The amount of americium-241 contained in ionizing smoke detectors does not represent a significant radiological hazard. If the americium is left in the shielded ionization chamber of the alarm, the radiological risk is insignificant because the chamber acts as a shield to the alpha radiation. A person would have to open the sealed chamber and ingest or inhale the americium for the dose to be comparable to natural background radiation. The radiation risk of exposure to an ionizing smoke detector operating normally is much smaller than natural background radiation.

Disposal

Disposal regulations and recommendations for ionization smoke detectors vary from region to region. In New South Wales, Australia smoke detectors should be taken to a Household Chemical CleanOut event or a Community Recycling Centre. The U.S. EPA considers ionizing smoke detectors safe to dispose with household trash. Alternatively, smoke detectors can be returned to the manufacturer.

Performance differences

Photoelectric detectors and ionization detectors differ in their performance depending on the type of smoke generated by a fire.

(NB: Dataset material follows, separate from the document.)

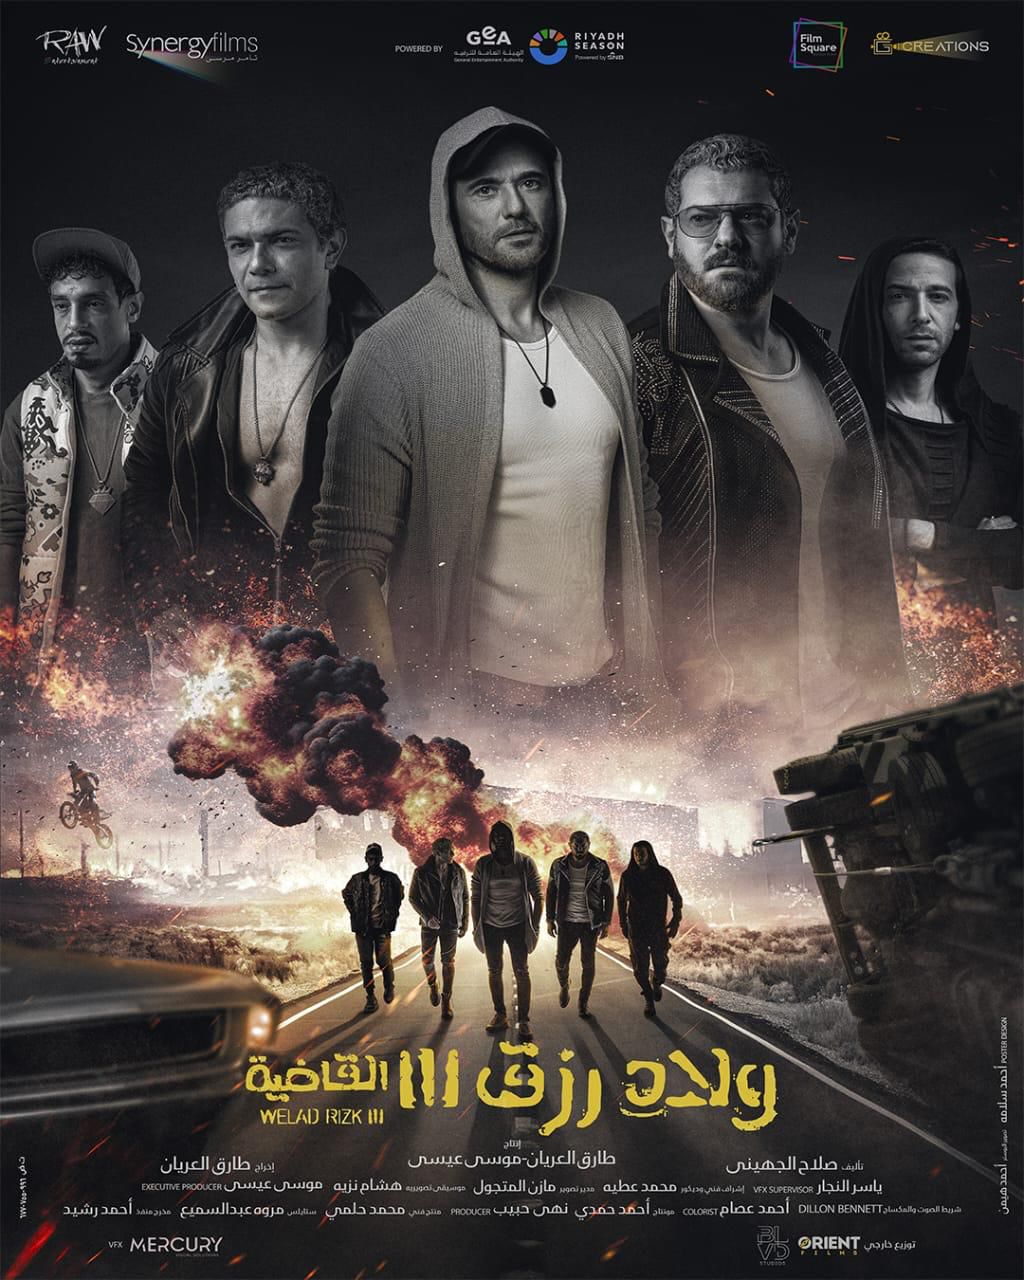 فيلم "ولاد رزق 3" يحطم الأرقام القياسية في السينما المصرية بأكثر من 18 مليون جنيه في يوم واحد

A presentation by Siemens and the Canadian Fire Alarm Association reports that the ionization detector is the best at detecting incipient-stage fires with invisibly small particles, fast-flaming fires with smaller 0.01–0.4 micron particles, and dark or black smoke, while more modern photoelectric detectors are best at detecting slow-smouldering fires with larger 0.4–10.0 micron particles, and light-coloured white/grey smoke. The smoke from the smoldering stage of a fire is typically made up of large combustion particles between 0.3 and 10.0 μm. Ionization smoke detectors respond faster (typically 30–60 seconds) to the flaming stage of a fire. The smoke from the flaming stage of a fire is typically made up of microscopic combustion particles between 0.01 and 0.3 μm. Also, ionization detectors are weaker in high airflow environments. and some US states and municipalities have banned the use of domestic ionization smoke alarms because of concerns that they are not reliable enough as compared to other technologies. Where an ionizing smoke detector has been the only detector, fires in the early stages have not always been effectively detected.

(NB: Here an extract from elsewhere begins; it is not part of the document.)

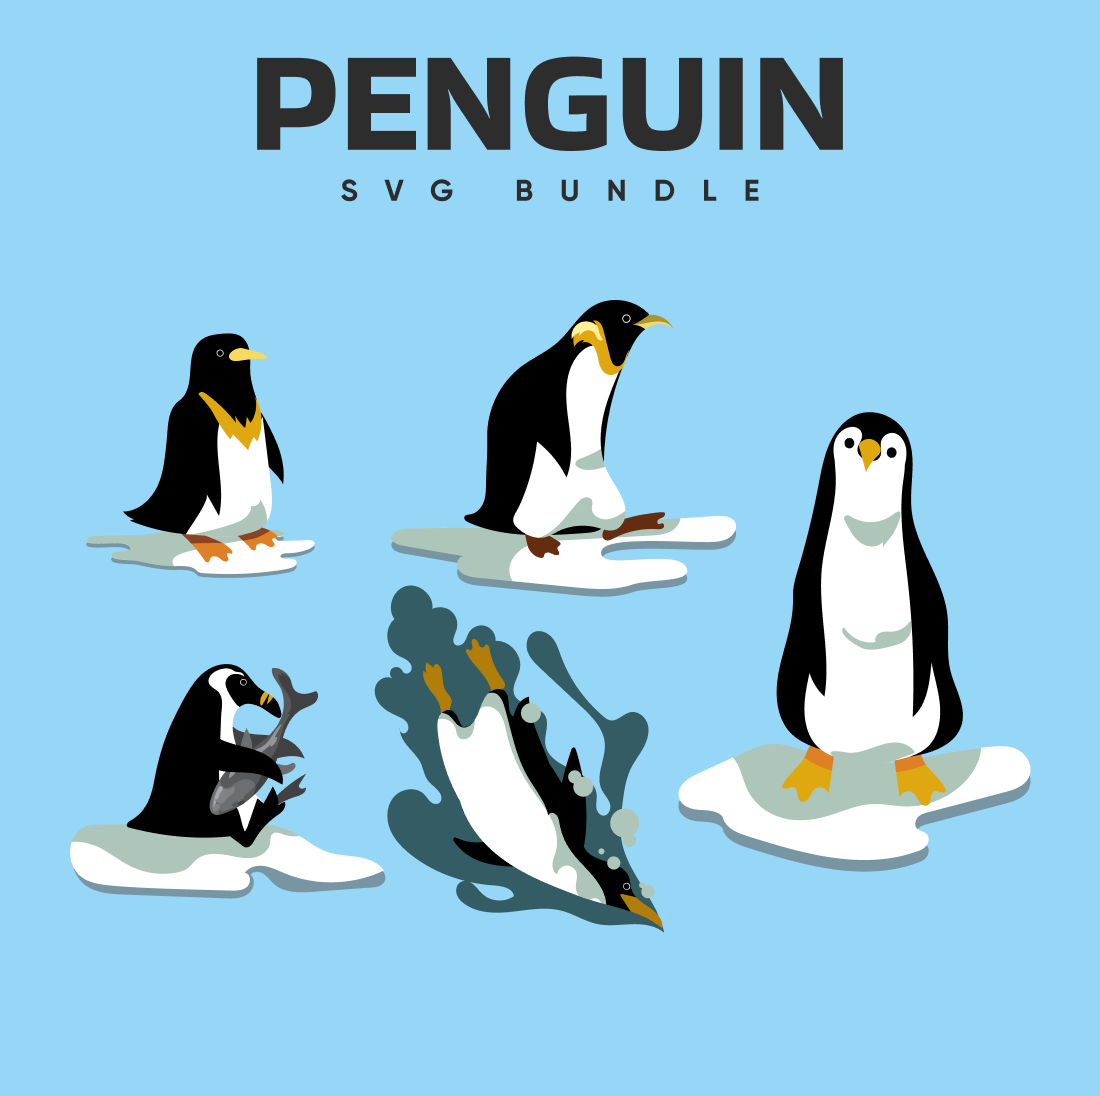 01. penguin svg bundle cover image.

In June 2006, the Australasian Fire & Emergency Service Authorities Council (AFAC), the peak representative body for all Australian and New Zealand fire departments, published an official report, 'Position on Smoke Alarms in Residential Accommodation'. Clause 3.0 states, "Ionization smoke alarms may not operate in time to alert occupants to escape from a smoldering fire".

In August 2008, the International Association of Fire Fighters (IAFF) passed a resolution recommending the use of photoelectric smoke alarms, saying that changing to photoelectric alarms "Will drastically reduce the loss of life among citizens and firefighters".

In May 2011, the Fire Protection Association of Australia's (FPAA) official position on smoke alarms stated, "The Fire Prevention Association of Australia considers that all residential buildings should be fitted with photoelectric smoke alarms". In December of the same year, the Volunteer Firefighter's Association of Australia published a World Fire Safety Foundation report, "Ionization Smoke Alarms are DEADLY", citing research outlining substantial performance differences between ionization and photoelectric technology.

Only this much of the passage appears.